# TASK INSTRUCTIONS:
The goal is a clean copy of all the data below, with pictures dropped and everything else retyped exactly.

⟨

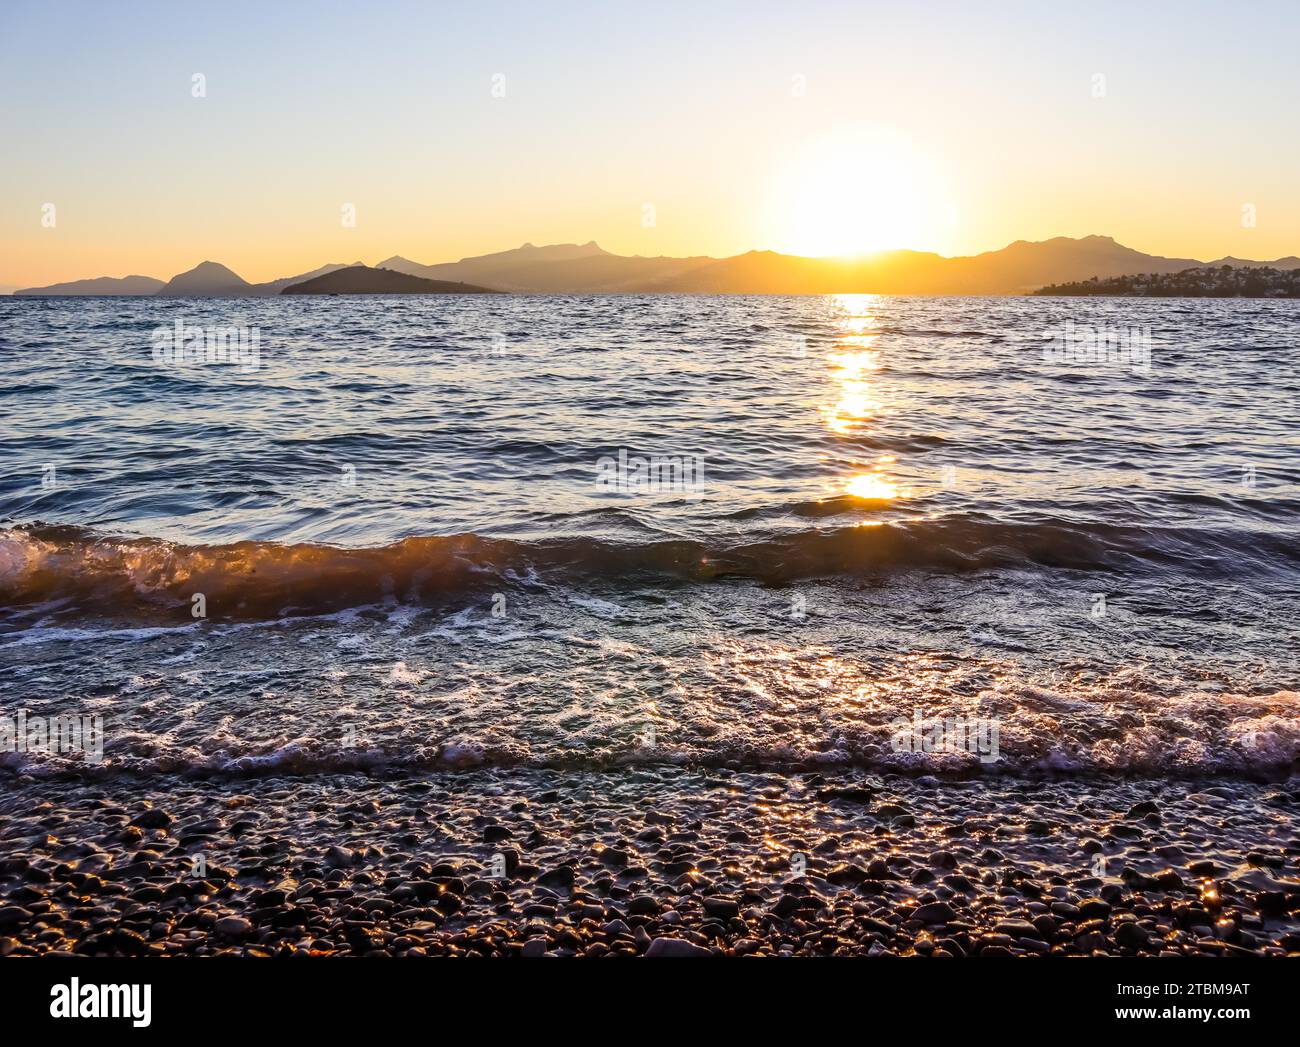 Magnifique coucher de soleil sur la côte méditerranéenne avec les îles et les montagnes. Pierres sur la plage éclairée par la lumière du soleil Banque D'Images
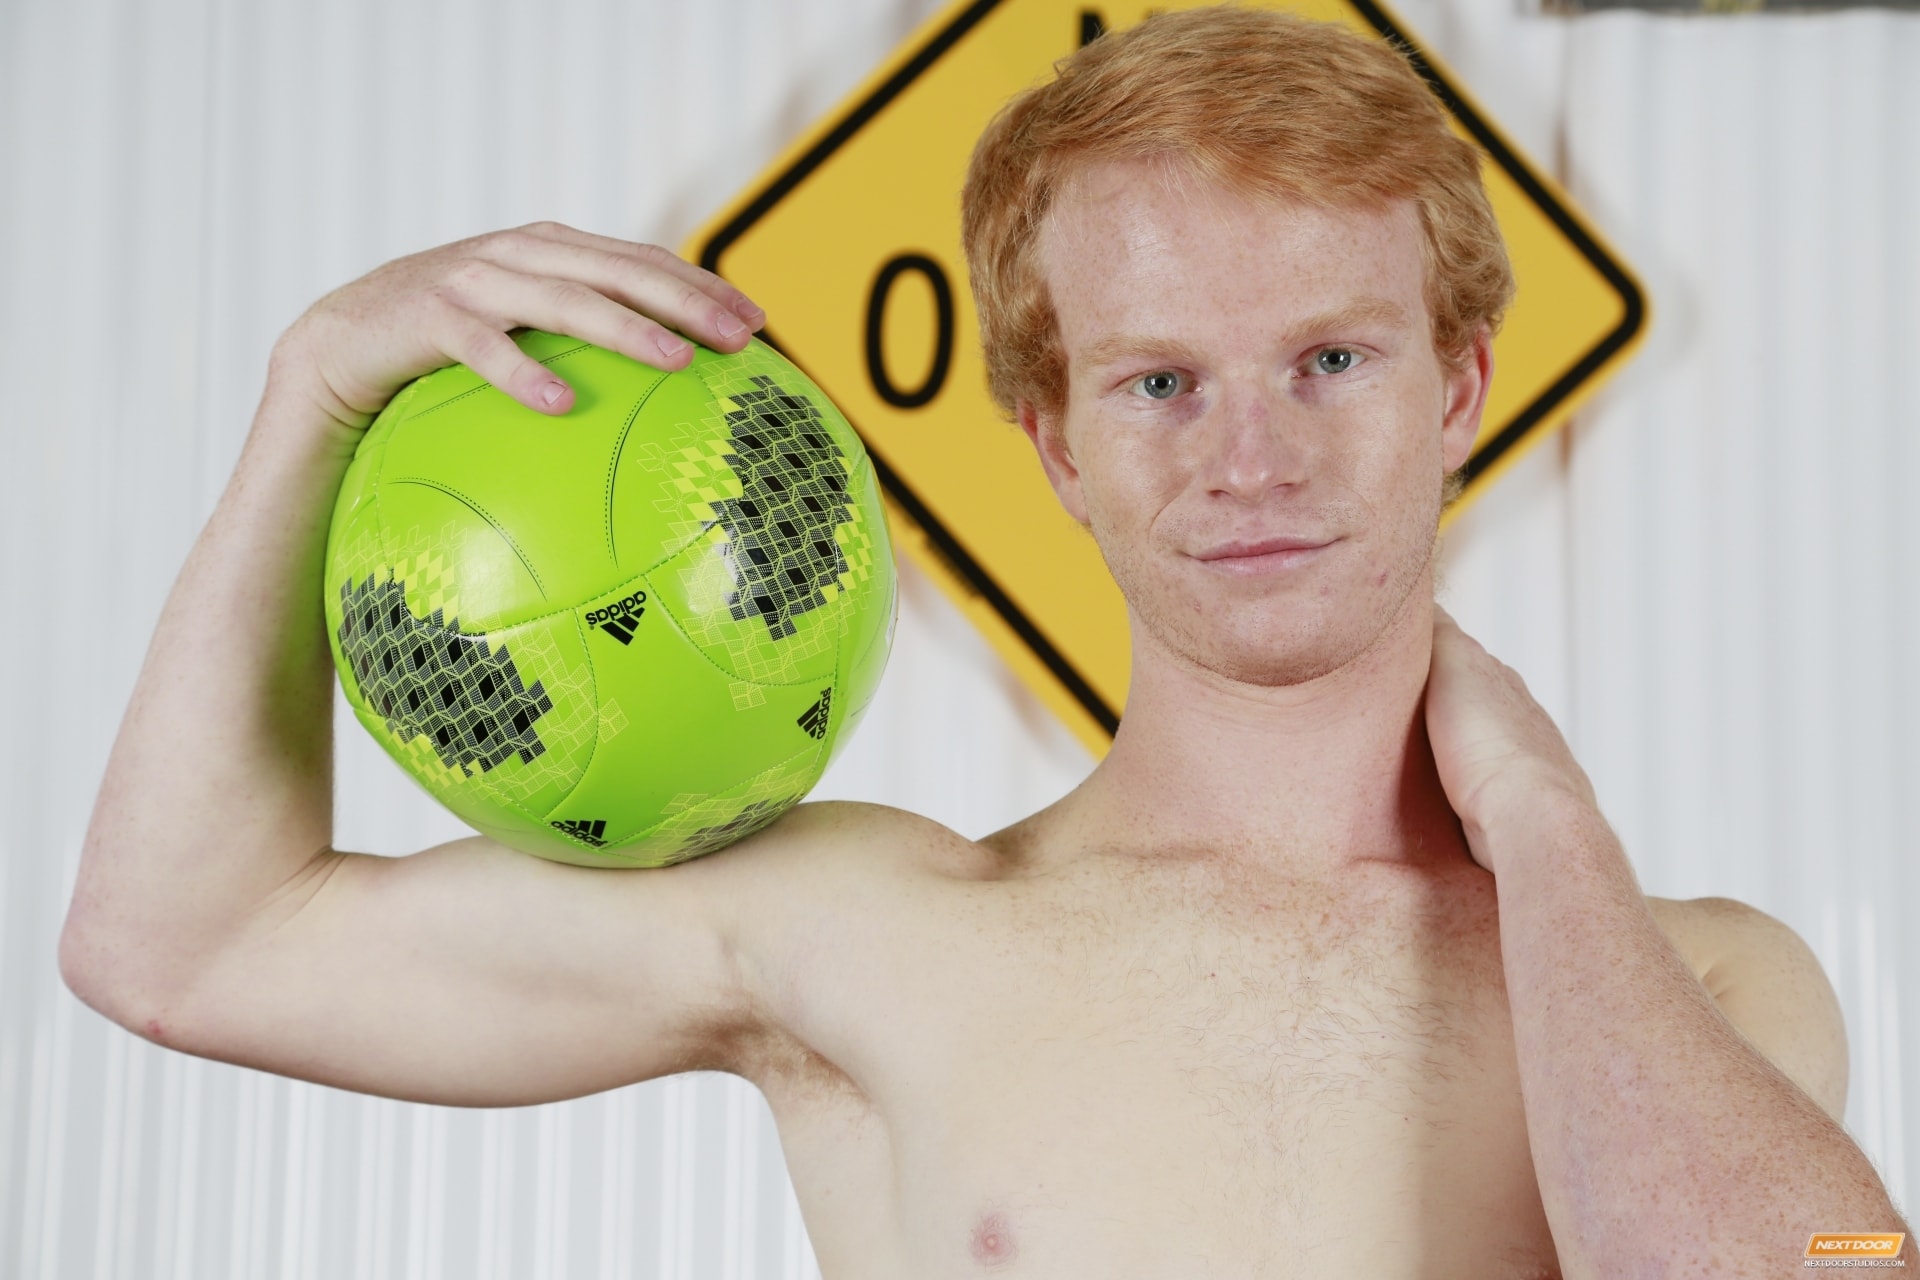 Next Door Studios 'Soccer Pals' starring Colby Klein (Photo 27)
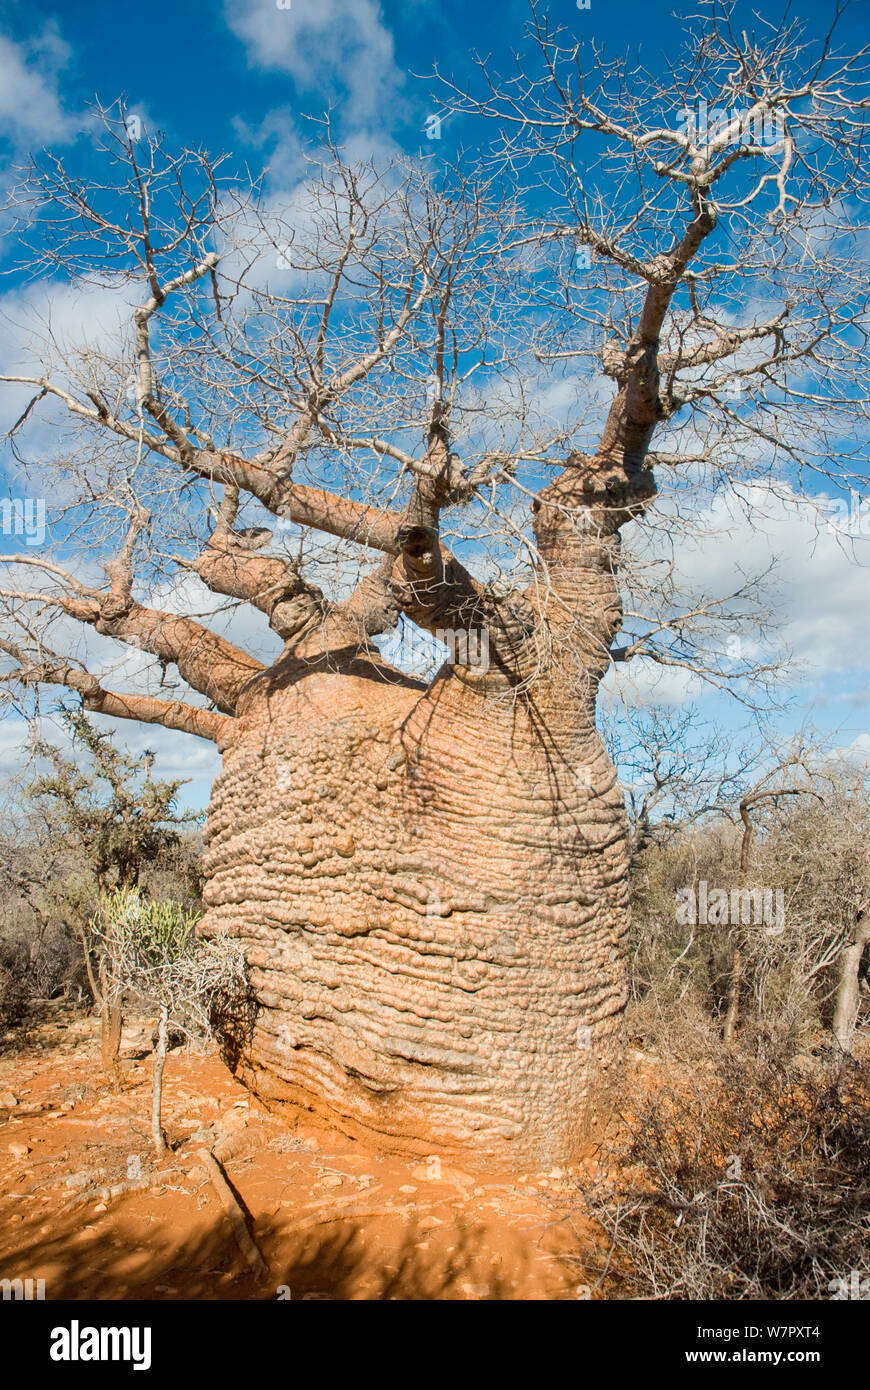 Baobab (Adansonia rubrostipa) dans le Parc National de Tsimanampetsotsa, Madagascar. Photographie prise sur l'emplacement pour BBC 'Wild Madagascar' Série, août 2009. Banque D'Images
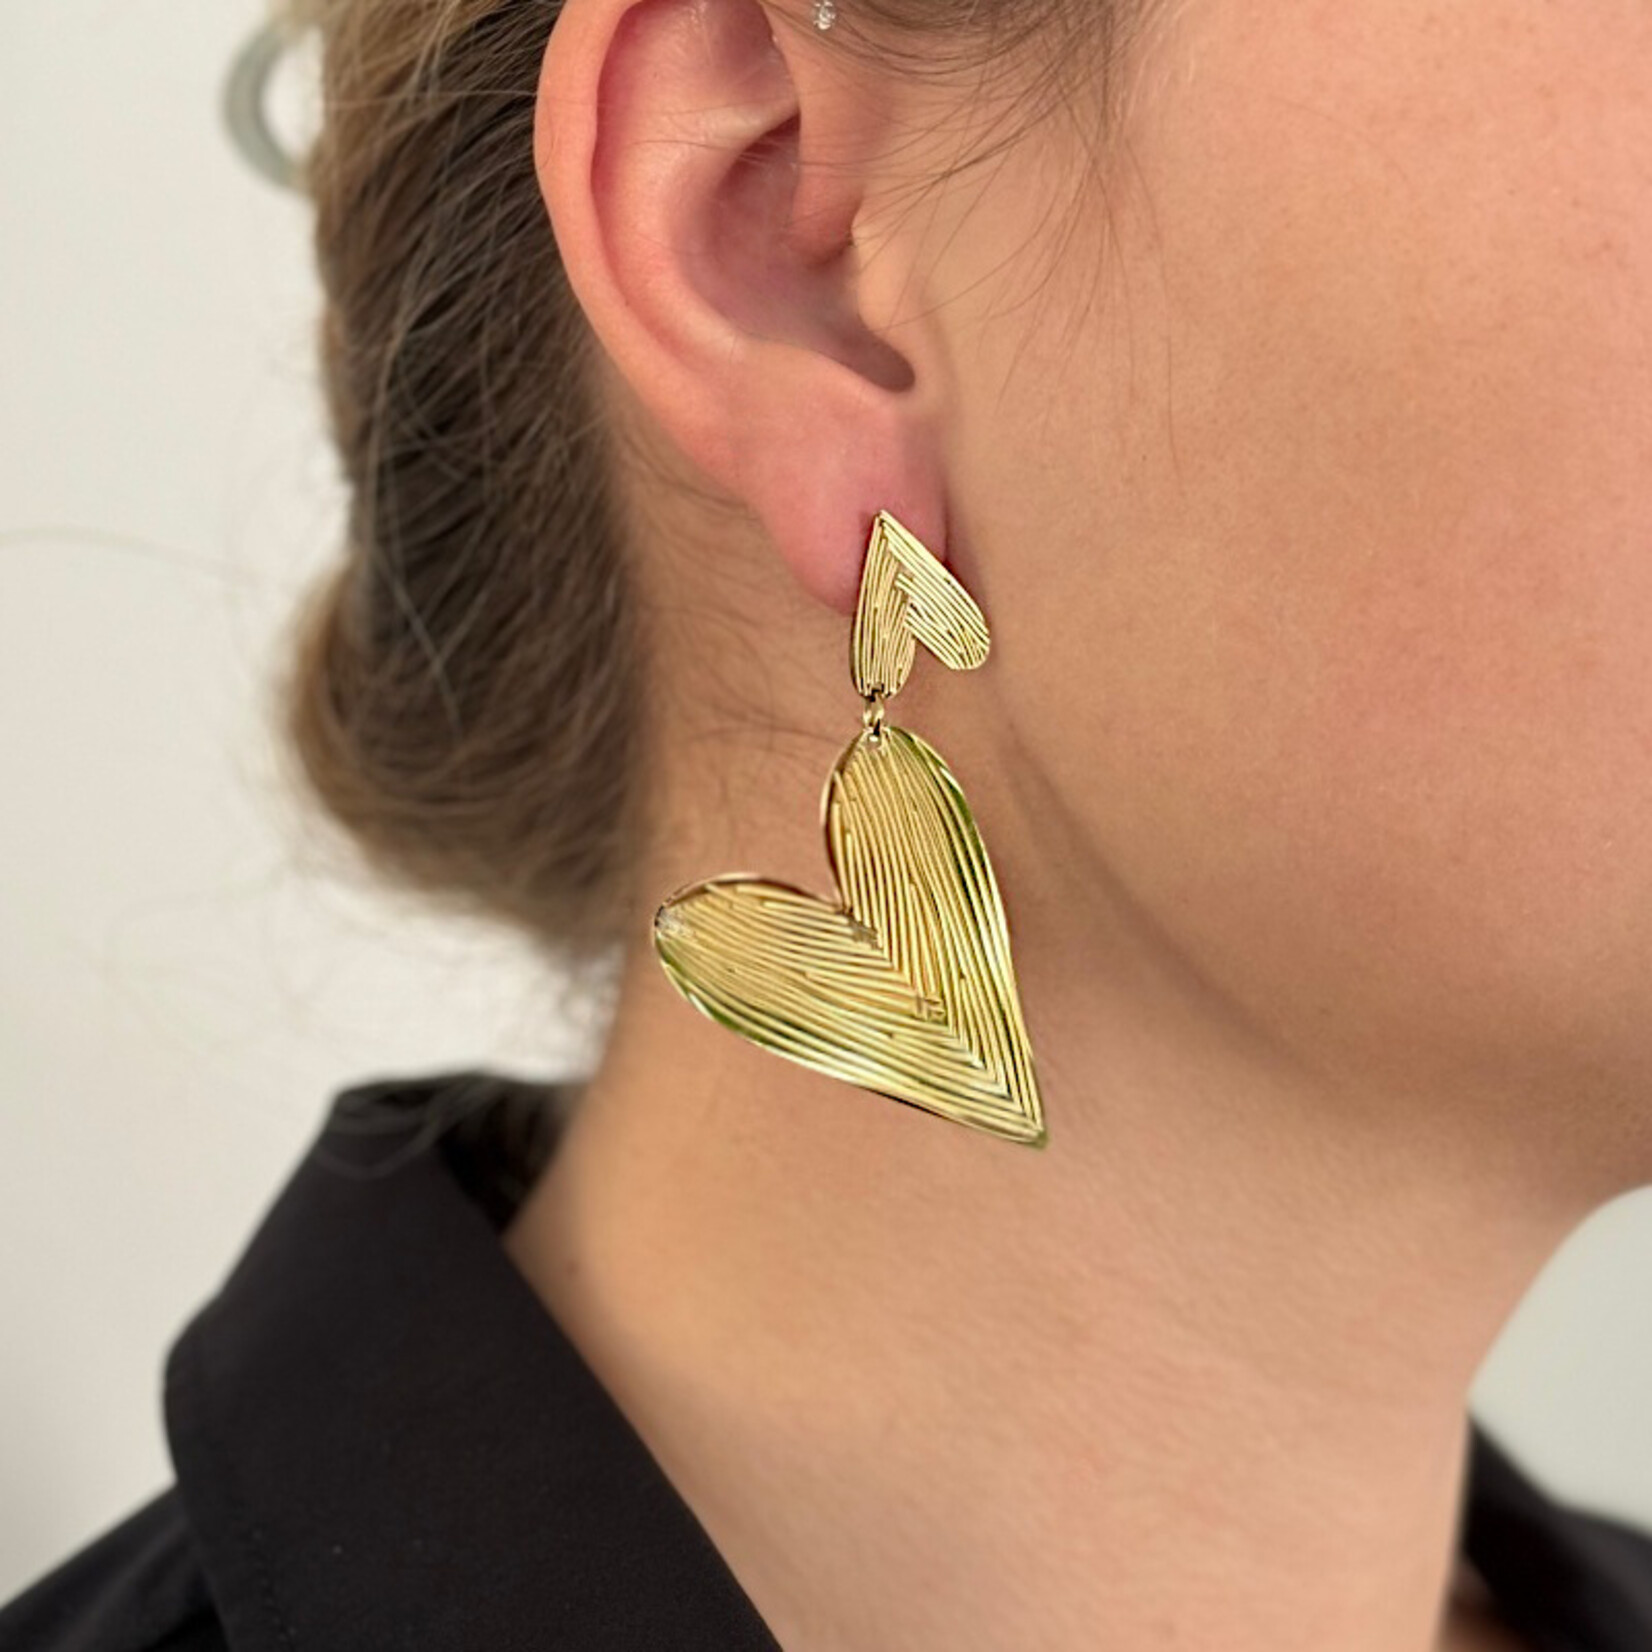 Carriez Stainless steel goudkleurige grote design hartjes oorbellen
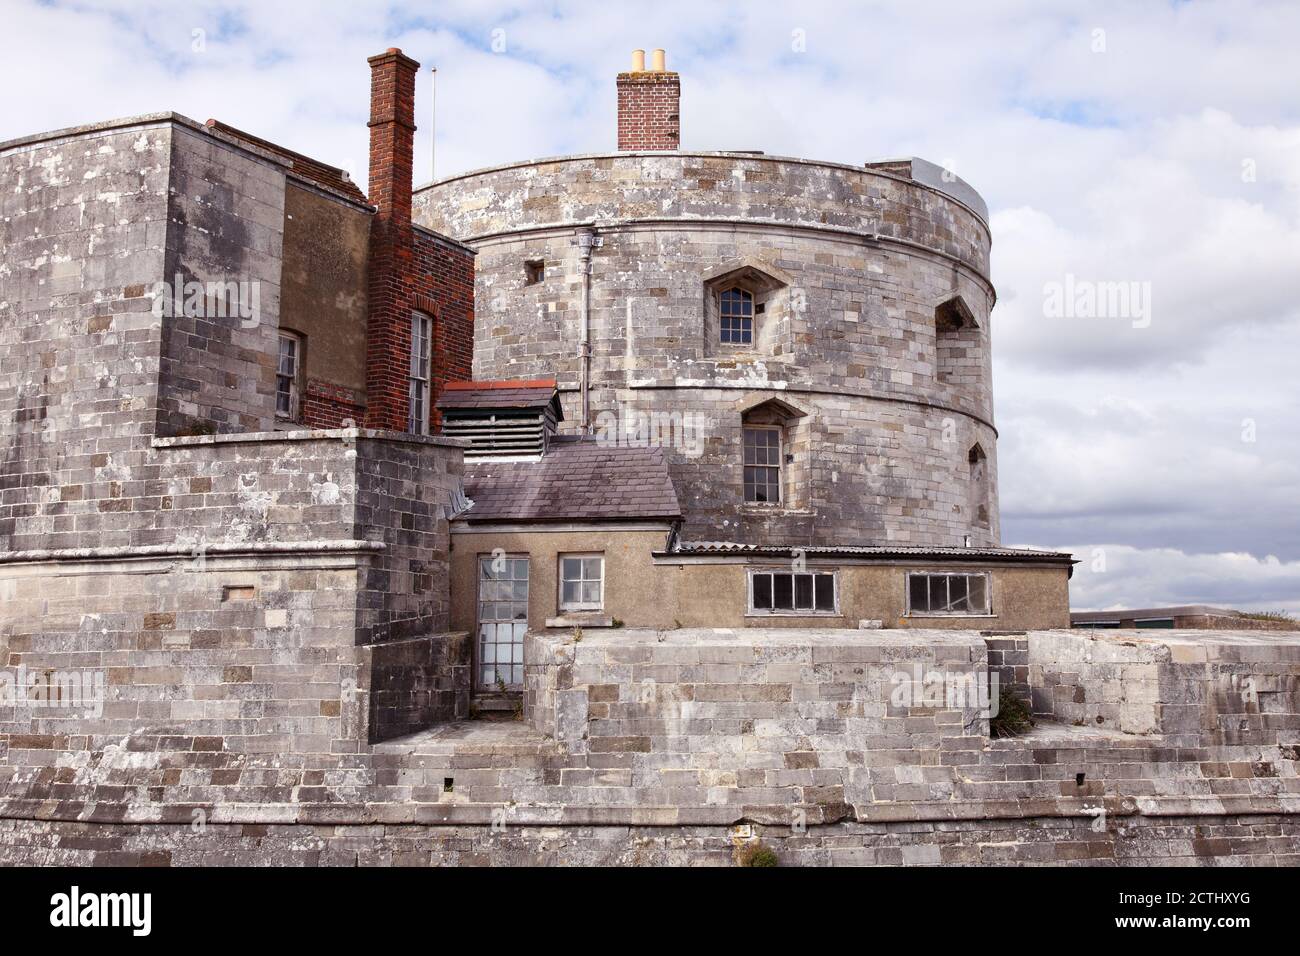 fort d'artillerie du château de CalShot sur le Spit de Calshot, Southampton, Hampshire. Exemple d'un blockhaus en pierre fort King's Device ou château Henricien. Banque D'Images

⟩

# TASK ANSWER:
 Magnifique coucher de soleil sur la côte méditerranéenne avec les îles et les montagnes. Pierres sur la plage éclairée par la lumière du soleil Banque D'Images
 Next Door Studios 'Soccer Pals' starring Colby Klein (Photo 27)
 Baobab (Adansonia rubrostipa) dans le Parc National de Tsimanampetsotsa, Madagascar. Photographie prise sur l'emplacement pour BBC 'Wild Madagascar' Série, août 2009. Banque D'Images
 Carriez Stainless steel goudkleurige grote design hartjes oorbellen
 fort d'artillerie du château de CalShot sur le Spit de Calshot, Southampton, Hampshire. Exemple d'un blockhaus en pierre fort King's Device ou château Henricien. Banque D'Images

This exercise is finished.